The Square (Al Midan)

The Square is an extremely engaging documentary that puts you right in the middle of Cairo’s Tahrir Square during the first 2 years of the still unfolding Egyptian revolution. It follows a handful of young revolutionaries as they and their vast herd of comrades take over the square, oust their President, elect another and then get rid of him. Directed by Egyptian-American filmmaker Jehane Noujaim (Control Room), the film centers on the experiences of 4 different people who were living through the upheaval and have very different perspectives on their country: Ahmed Hassan, a young working-class Egyptian and the film’s narrator; expat actor Khalid Abdalla who starred in The Kite Runner and whose good English and notoriety make him attractive to Western media; Muslim Brotherhood member Magdy Ashour, who was tortured by Mubarak’s thugs; and singer Ramy Essam, whose revolutionary songs stir the crowd.

Her

Her is really all about him, him being Theodore Twombly (Joaquin Phoenix) who falls in love with his personalized operating system named Samantha (Scarlett Johansson). If this sounds a bit weird, it is, but only for a bit. In this film set in the very near future, true love is as elusive as ever, and a new technology allows people to become intimately entwined with their computers’ operating systems. Lonely Theodore is still recovering from breaking up with his wife (Rooney Mara) and isn’t having a lot of success in the dating world, so when Samantha enters his life through an earpiece and a mic, her ability to see and appreciate him is incredibly attractive.

August: Osage County

In the battle of Meryl vs Julia, who will chew more scenery? August: Osage County pits them against each other as the drug addicted Mom versus the only person in her large extended family capable of taking her on. Based on a stage play of the same name, it is a star-studded dramedy about what must be the most dysfunctional family in the state of Oklahoma all coming together after a tragedy.

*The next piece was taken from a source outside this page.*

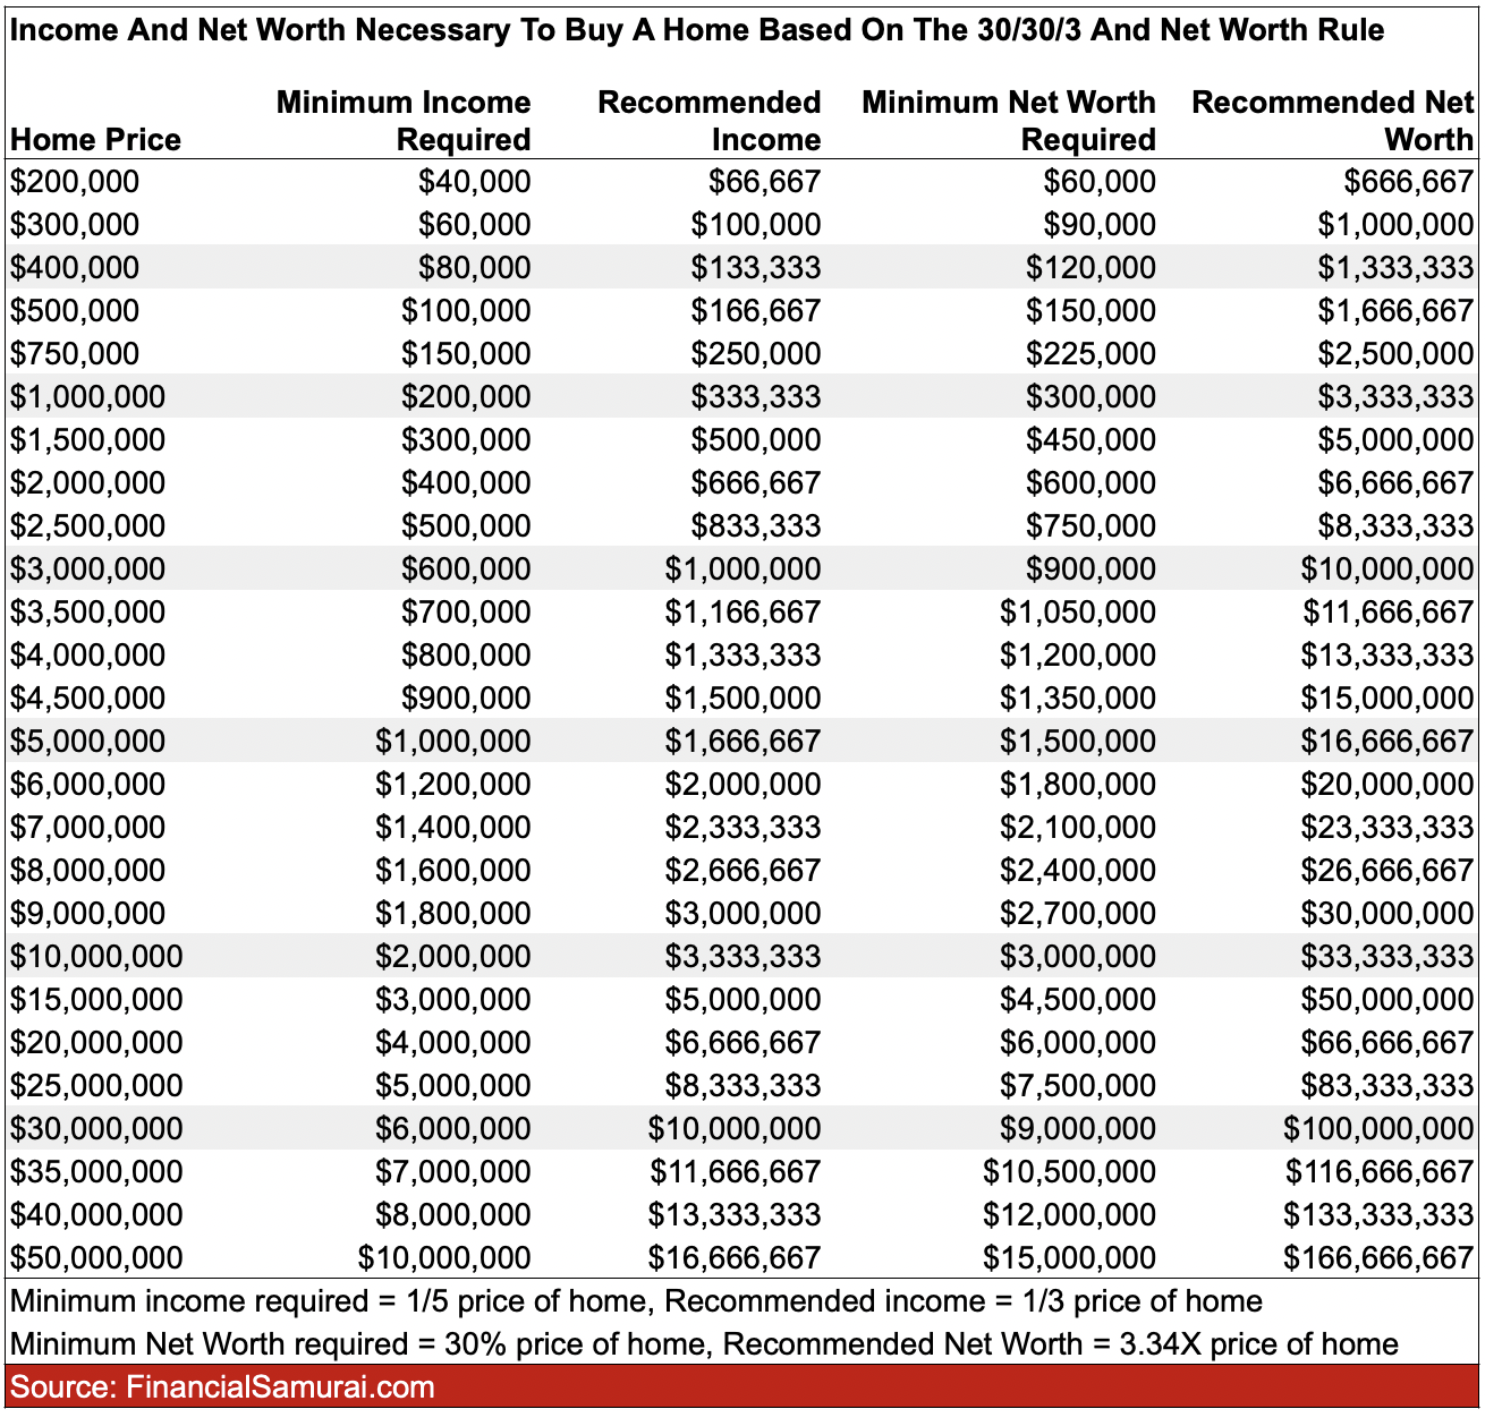 Different levels of Net worth required to buy a home at different price points

None of them want to be there, and I started to feel the same way, but stuck with it because it’s one of those acting slugfests you just have to see through.

The Wolf of Wall Street

Martin Scorsese’s latest film The Wolf of Wall Street is basically three hours of sex and drugs and pure unadulterated greed. It is another “based on a true story” flick, only this one is all about one truly despicable guy and his equally morally deficient friends and family. Sure, the “wolf” is played by Leonardo DiCaprio, who does all he can to make the greedy jerk human, but at the end of the day, it is a relentlessly long slog through a lot of pretty unsexy sex fed by a veritable pharmacy full of Quaaludes, coke, and top shelf alcohol. It’s a pretty underdeveloped story of a bunch of late 20th century conmen who made a killing by lying though their teeth and their years of living the “high” life in every sense of the word.